In the data below, find the line containing "hight resolution of"; transcribe it and each line after it exactly, through the last, skipping pictures.
=== Information supplied ===
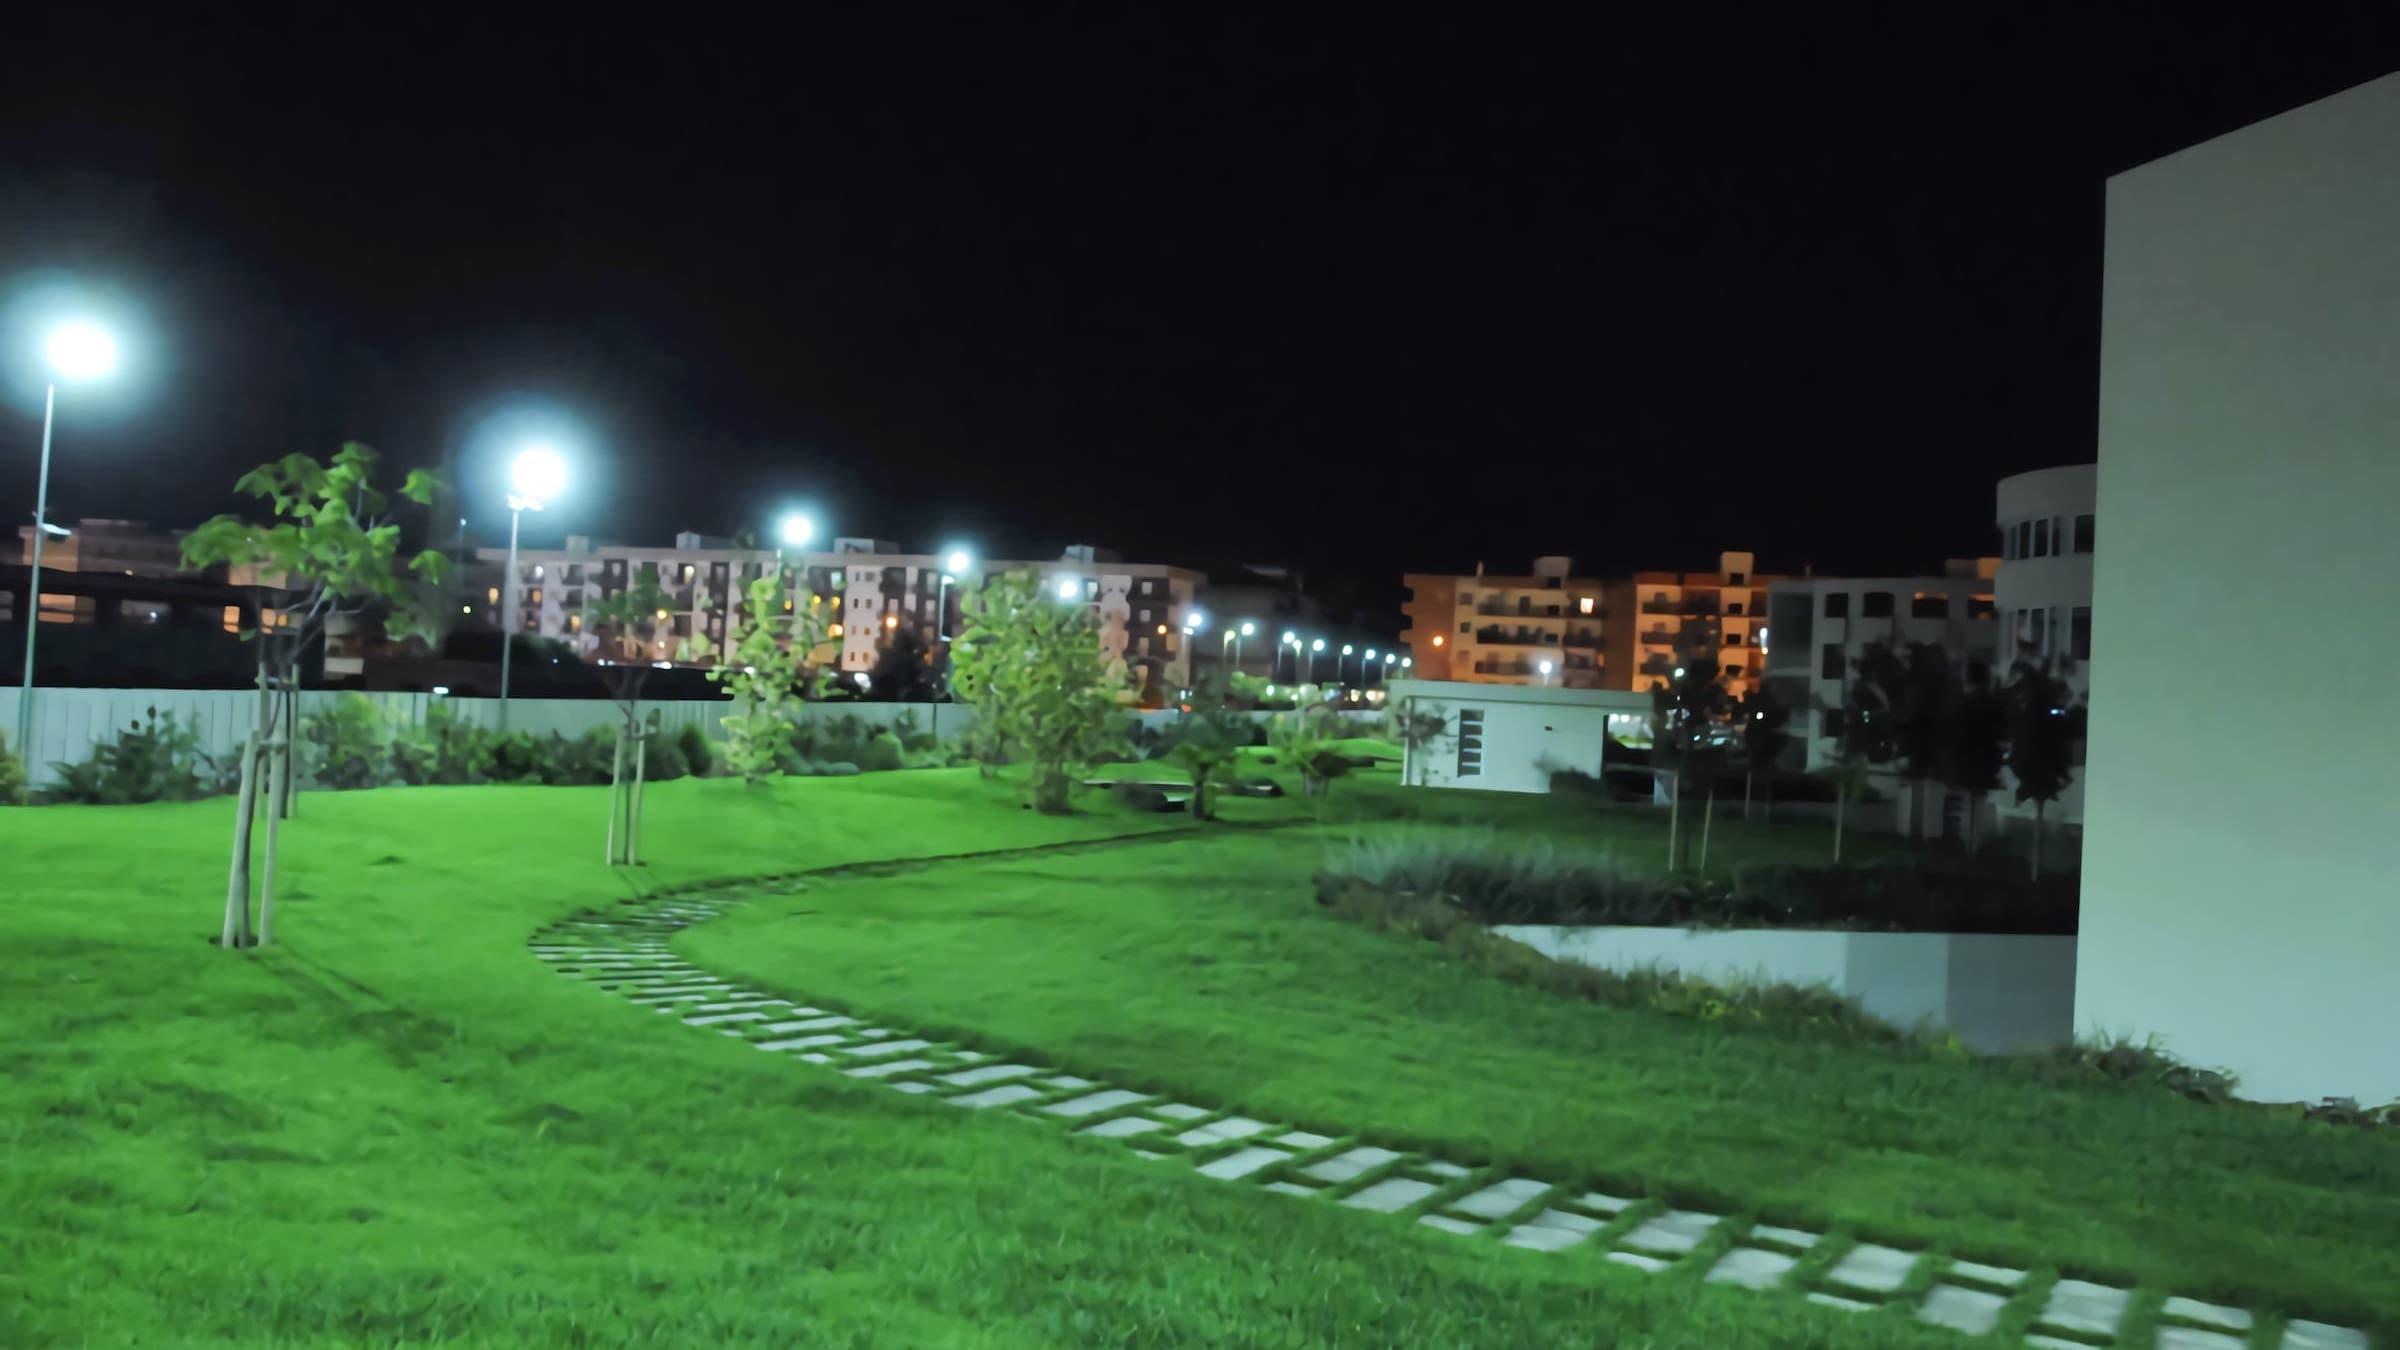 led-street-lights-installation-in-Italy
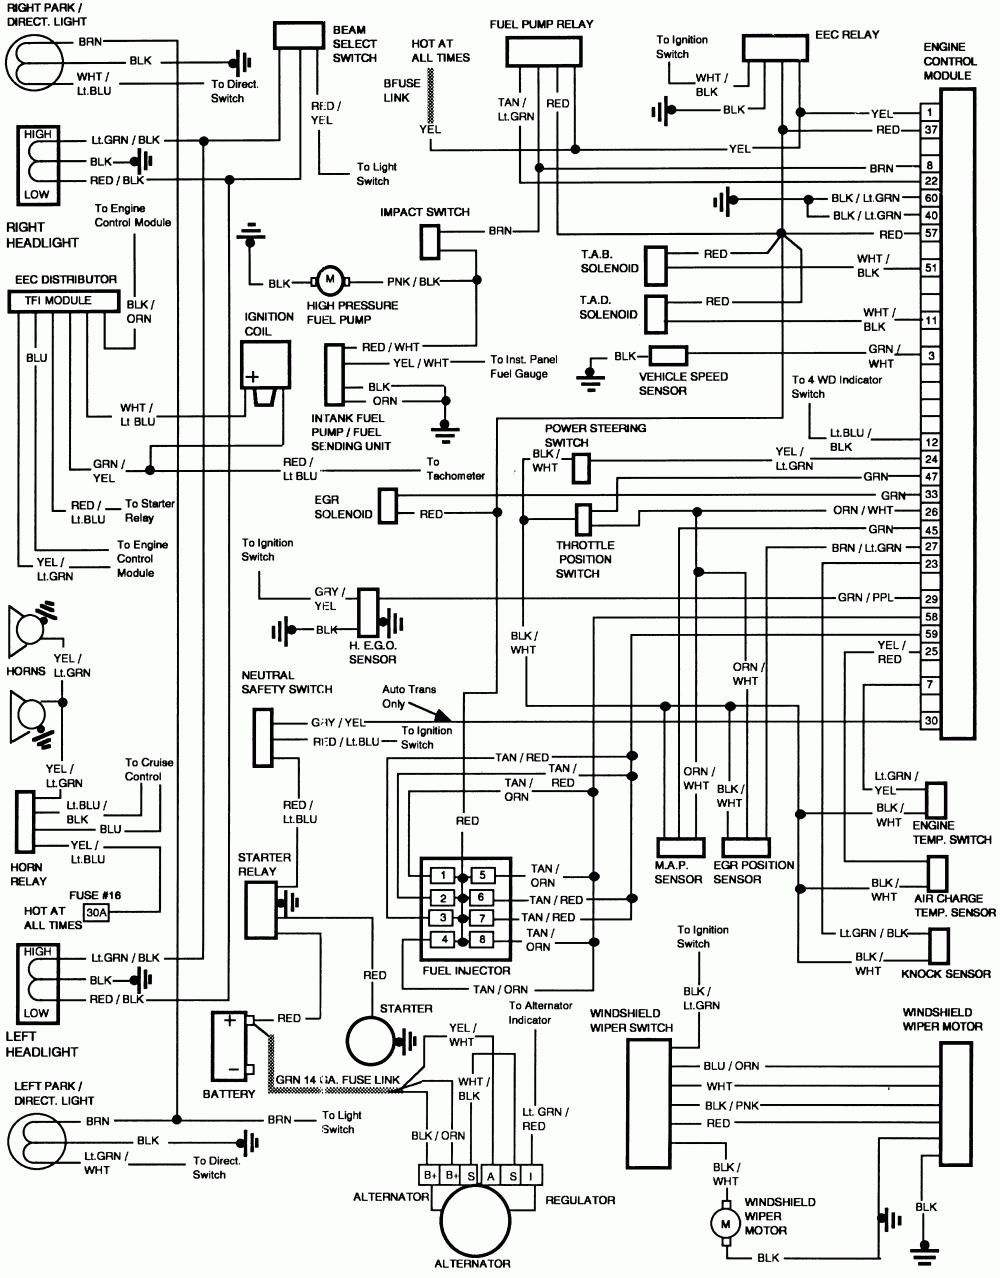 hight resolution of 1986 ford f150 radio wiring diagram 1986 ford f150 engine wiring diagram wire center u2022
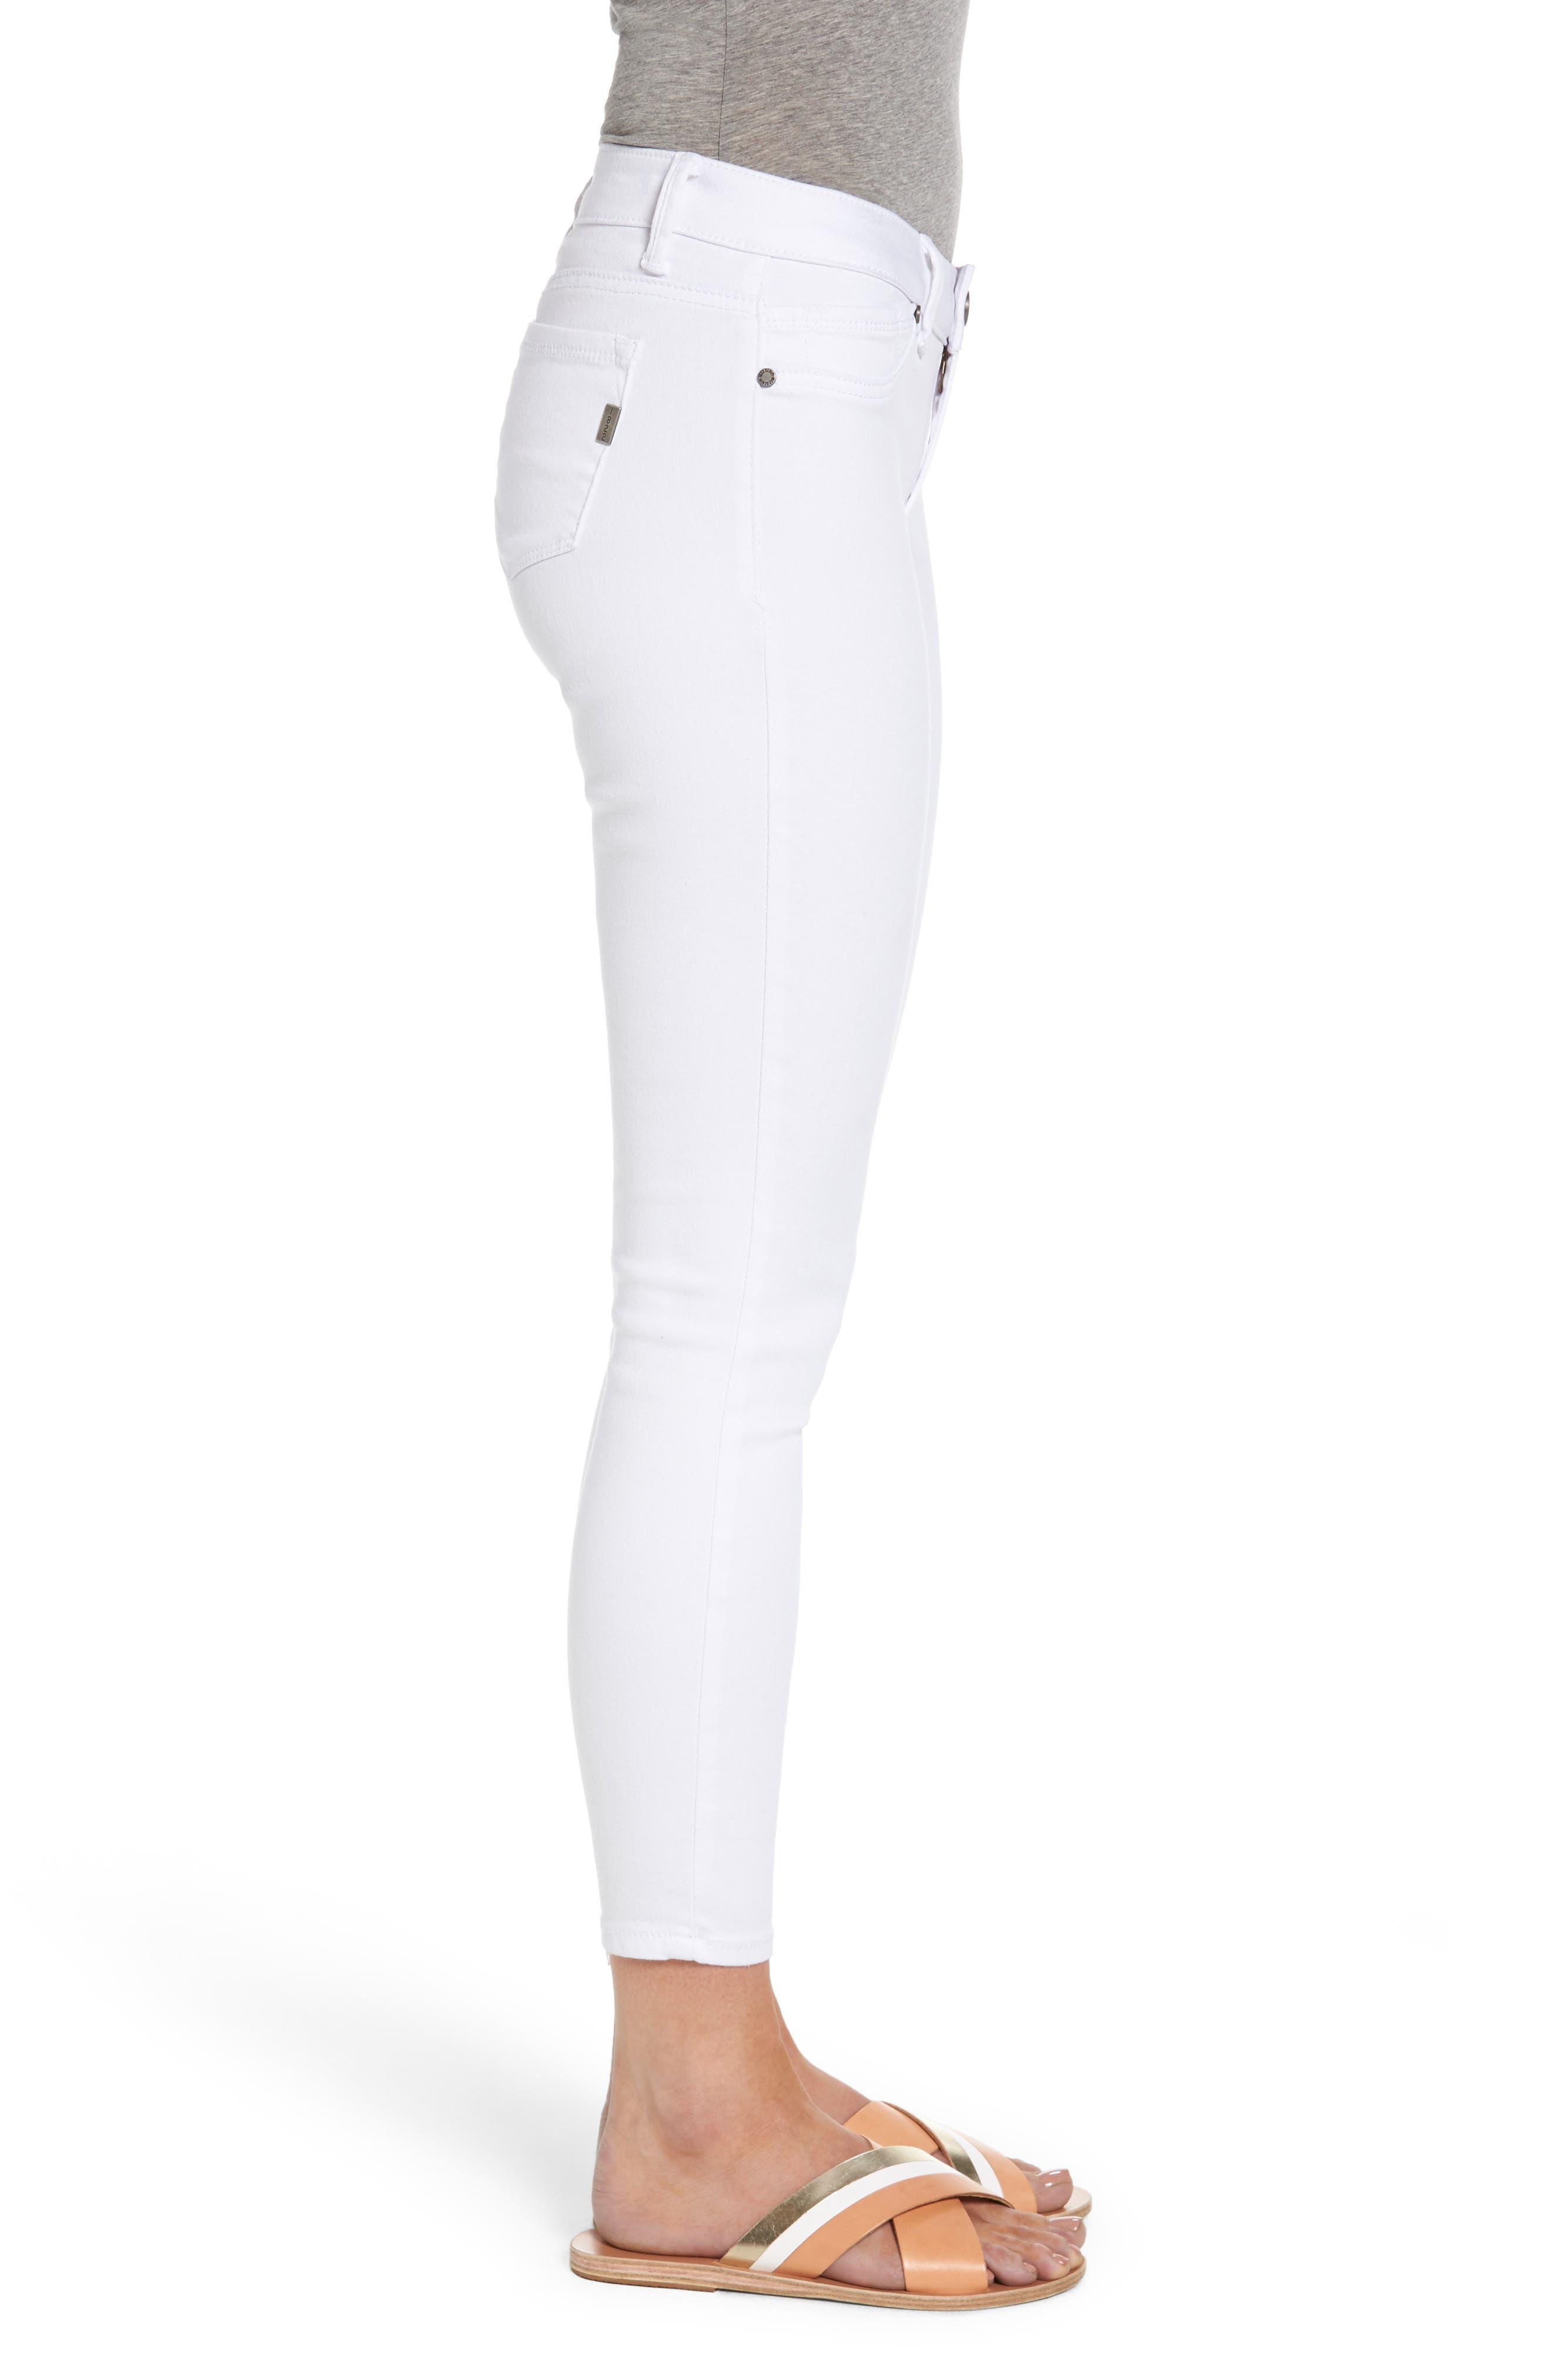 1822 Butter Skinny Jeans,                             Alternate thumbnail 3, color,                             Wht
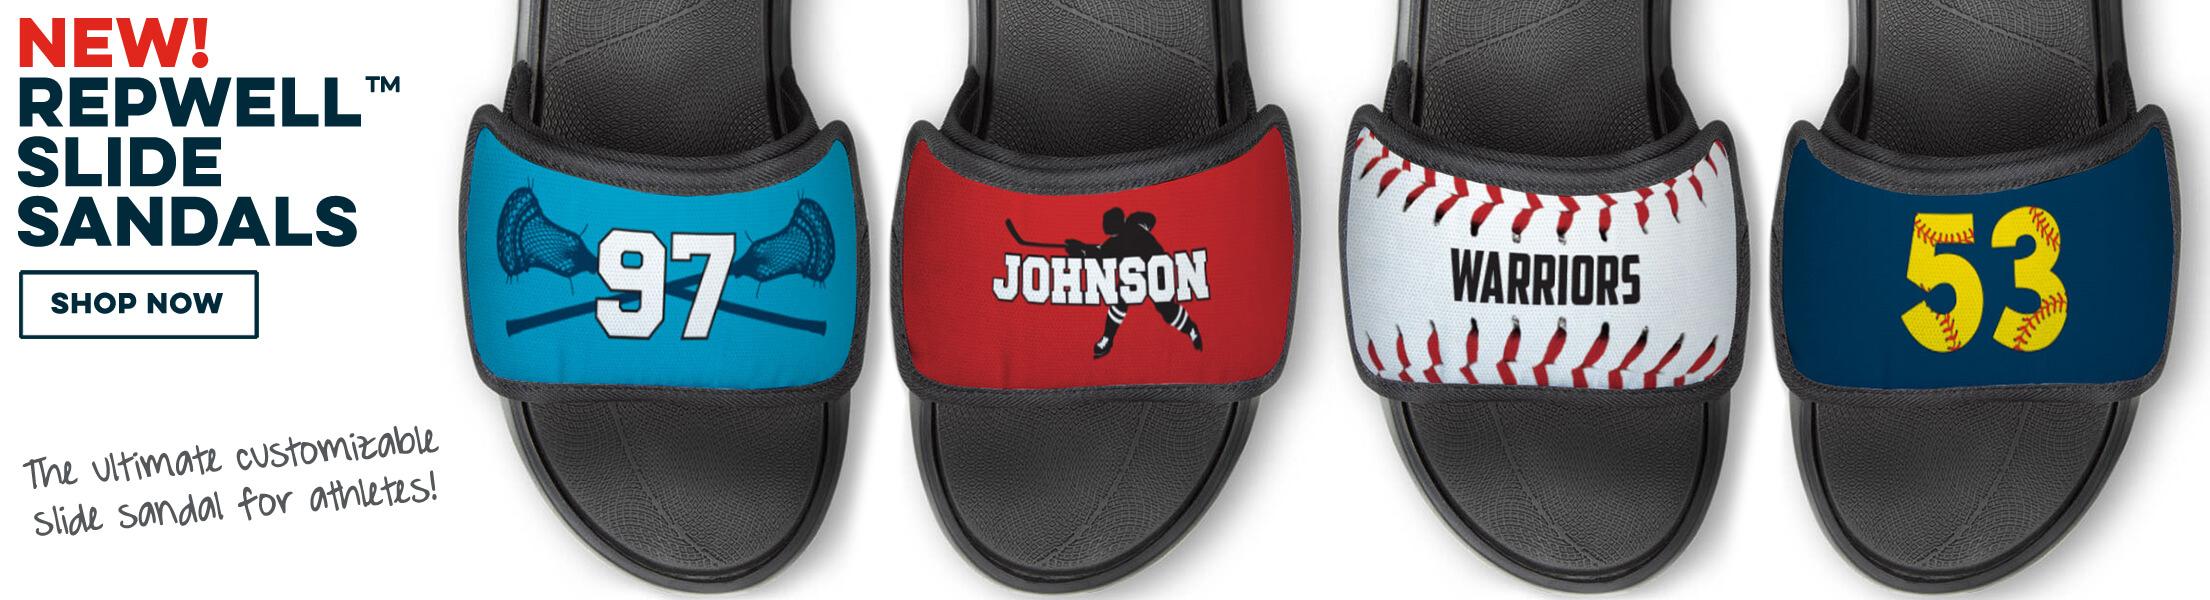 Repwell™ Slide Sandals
===
* Completed exercise
 hight resolution of 1986 ford f150 radio wiring diagram 1986 ford f150 engine wiring diagram wire center u2022
 1822 Butter Skinny Jeans,                             Alternate thumbnail 3, color,                             Wht
 Repwell™ Slide Sandals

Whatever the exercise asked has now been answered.